Snyder filed suit in a Maryland court and was awarded nearly $8 million in damages. But the 4th Circuit Court overturned the decision, requiring Snyder to pay Westboro Baptist’s $16,510 in legal fees. The Legion set up a legal-defense fund for Snyder, and more than $20,000 poured in via The Burn Pit. The Legion has filed an amicus brief in support of Snyder, whose case appears to be headed for the Supreme Court.

In another legal foray, The Burn Pit took on Rick Strandlof, aka Rick Duncan, who told anyone who would listen that he was a former Marine injured in the battle of Fallujah. He wove incredible tales about how he, an openly gay battalion commander of Marines, successfully led attacks in that signature battle. He also claimed he graduated from the Naval Academy, and that he was in the Pentagon on 9/11. All these stories were lies, and they violated the Stolen Valor Act of 2005, which makes it a crime for persons to wear or claim receipt of military medals for valor they did not earn.
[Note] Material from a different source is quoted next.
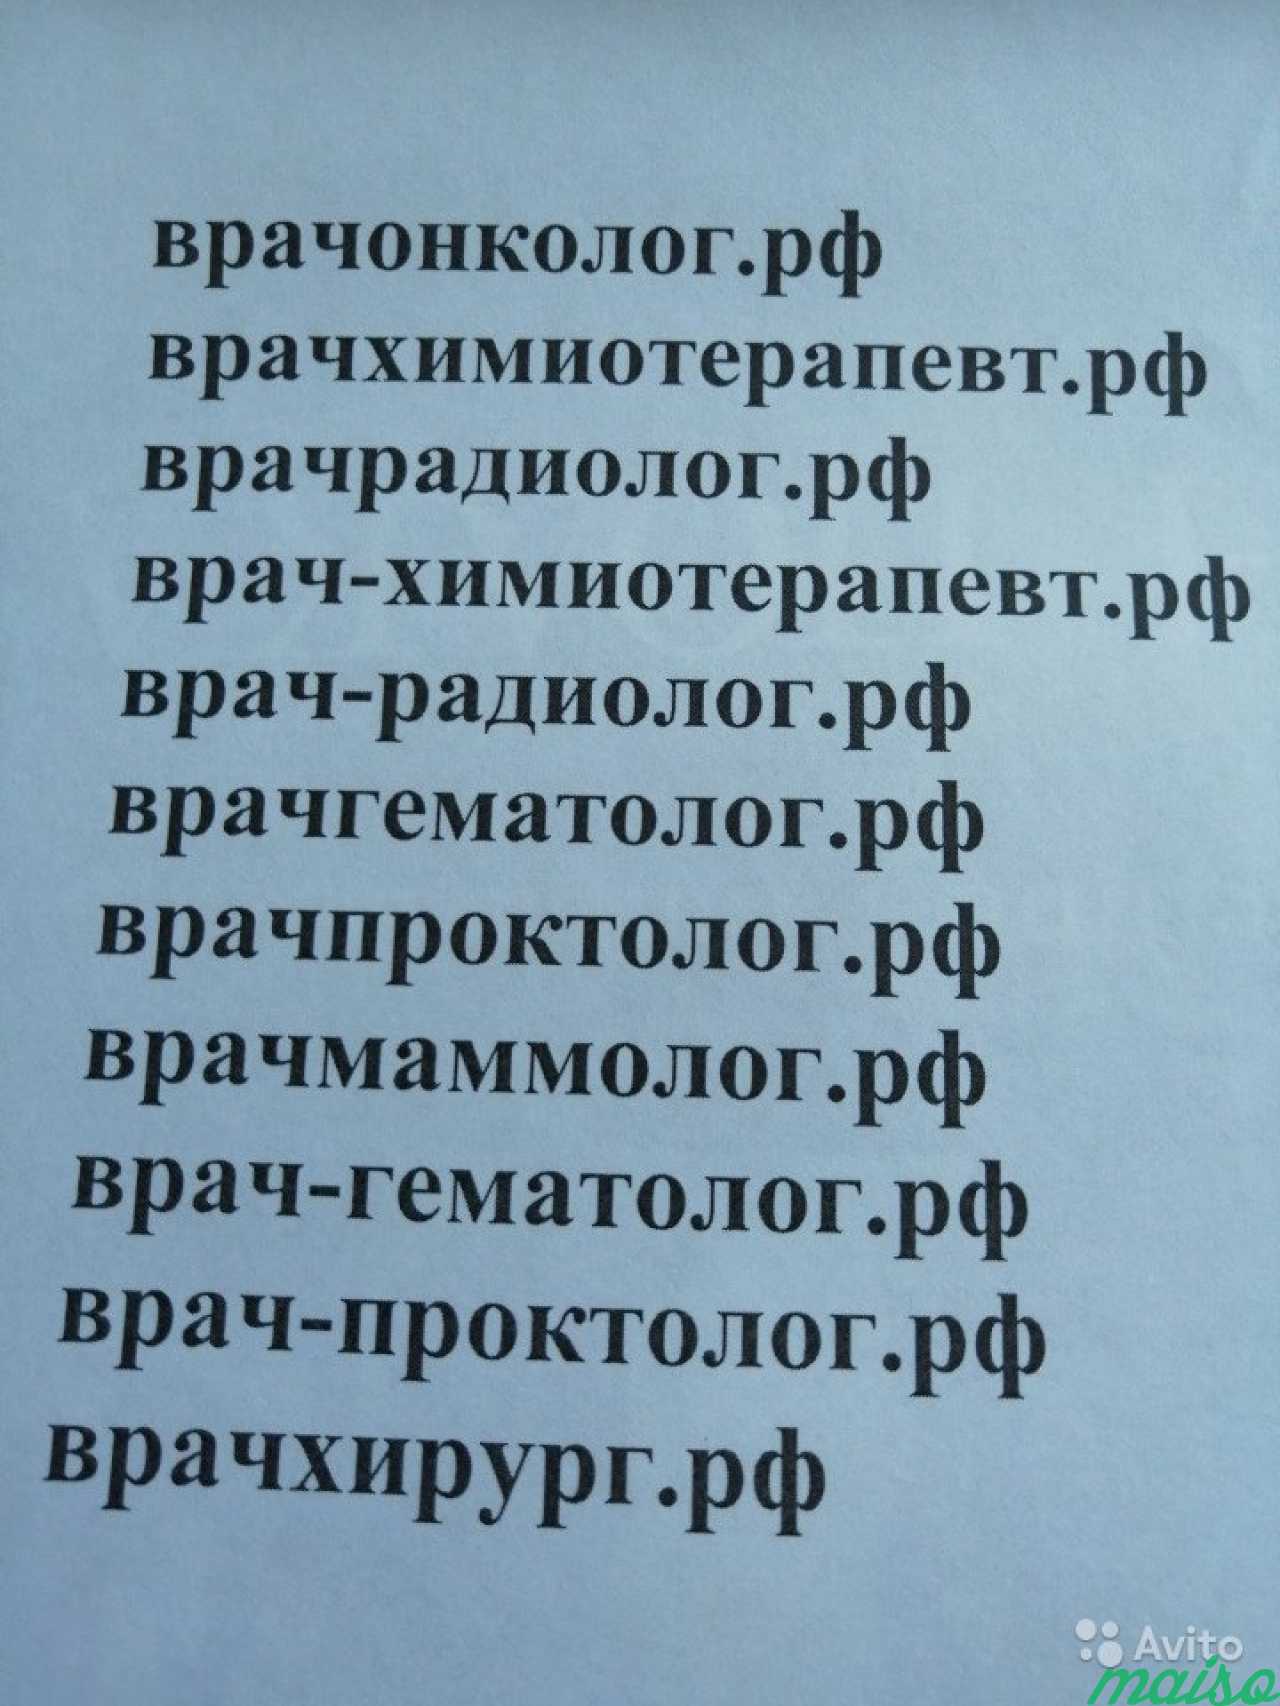 Продам или сдам домены для сайта онколога и пр в Санкт-Петербурге. Фото 1

Even as groups such as the ACLU and the Rutherford Institute rushed to support a constitutional right to make up war stories to defraud honest citizens, The Burn Pit analyzed the laws and cases and argued for punishment for those, such as Strandlof, who falsely claim heroic service. The constitutionality of the Stolen Valor Act will be taken up by the Supreme Court after a Colorado judge threw out Strandlof’s case, saying – contrary to a court in California – that the law is overly broad. The Burn Pit will continue to follow the case, which is sure to draw heated reactions from our audience of veterans and military members.

Along with high-profile controversies, The Burn Pit also shines a light on unique items from around the Web, including historical essays, videos, photos and other material you won’t find in the mainstream media, or even on the Legion’s own site. That’s what makes a blog different.
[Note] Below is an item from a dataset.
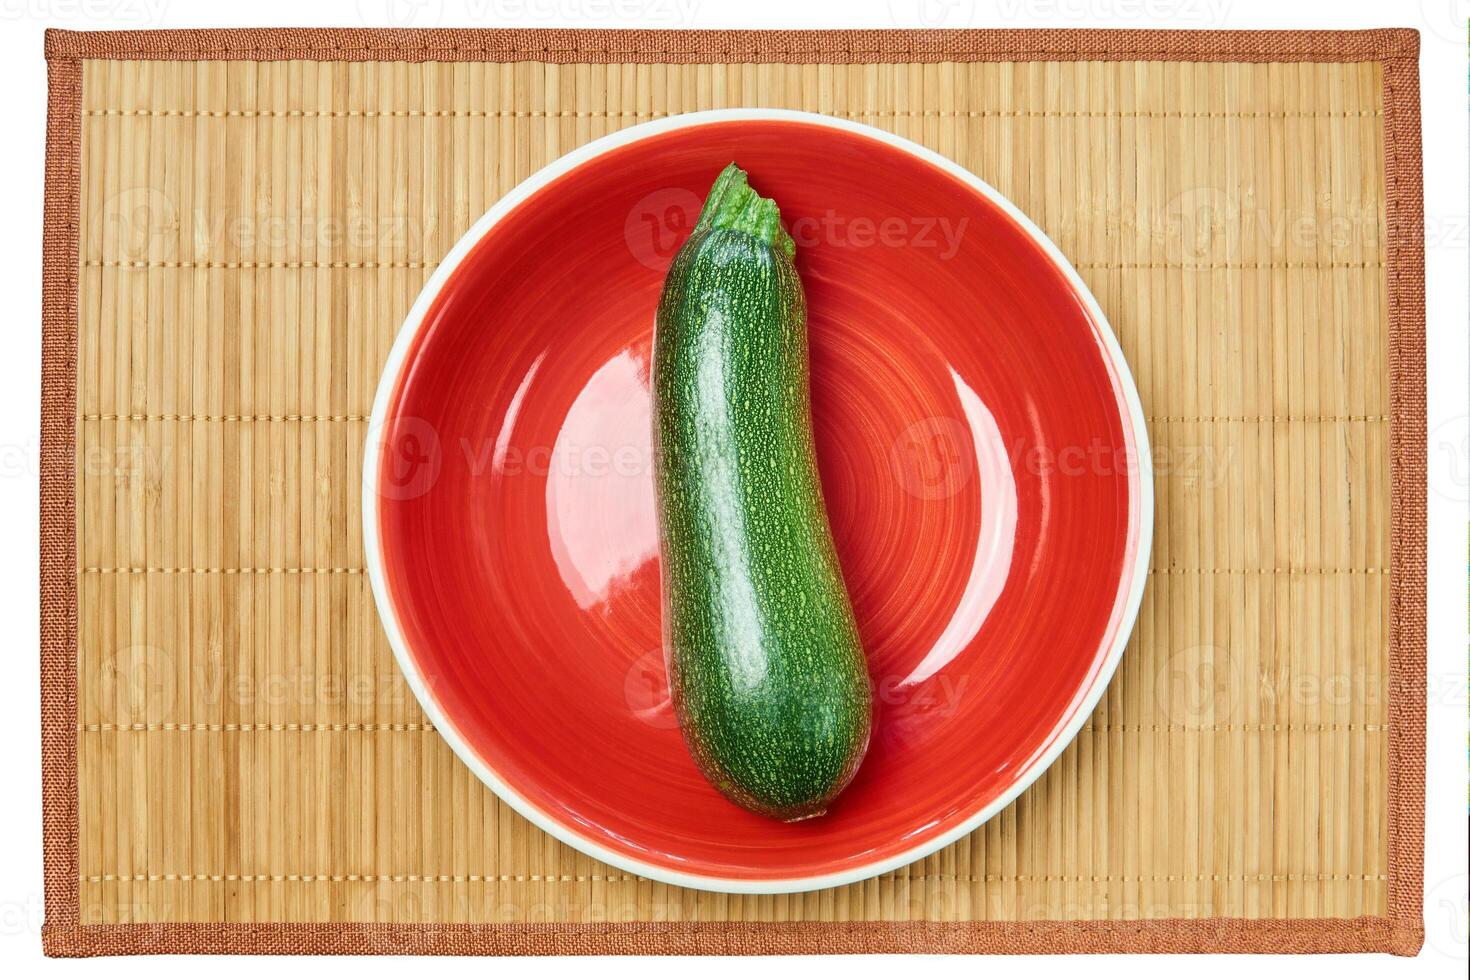 à motifs vert Zucchini écraser sur une rouge assiette sur une canne endroit tapis photo

When Facebook and Twitter use dramatically increased, questions arose about the long-term viability of blogs and even of Web sites. Information had become something for consumers to engage in, rather than simply receive and interpret like an evening newspaper. Blogs have made nearly everyone capable of becoming a media outlet. Social media makes the discussion global and largely unrestricted.And while unharnessed electronic communication has spawned such national-security threats as WikiLeaks, which this year published classified military documents and a video of U.S. troops accidentally killing noncombatants from a helicopter, the new interactive media outlets of this generation can prove cathartic for those who grapple with their wartime experiences, helpful to those who can use funds or support, and compelling to folks who simply want to go online and get into a good argument. Such is the shape of this thing we call the milblogosphere, which is still evolving seven years after a guy from Chicago just wanted to share something meaningful about a fallen friend and a hero.
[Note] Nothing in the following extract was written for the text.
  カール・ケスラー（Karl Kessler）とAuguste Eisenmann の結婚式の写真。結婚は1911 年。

After a full year of blogging at The Burn Pit, I can say that Burden’s simple model has changed the lives of a bunch of soldiers from Fort Carson, a Medal of Honor recipient, the family of a World War II hero, and dozens of others whose stories too often float past the main stream of media in search of a place to call their own. Mark Seavey, a former combat infantryman with service in Afghanistan, is new media manager for The American Legion.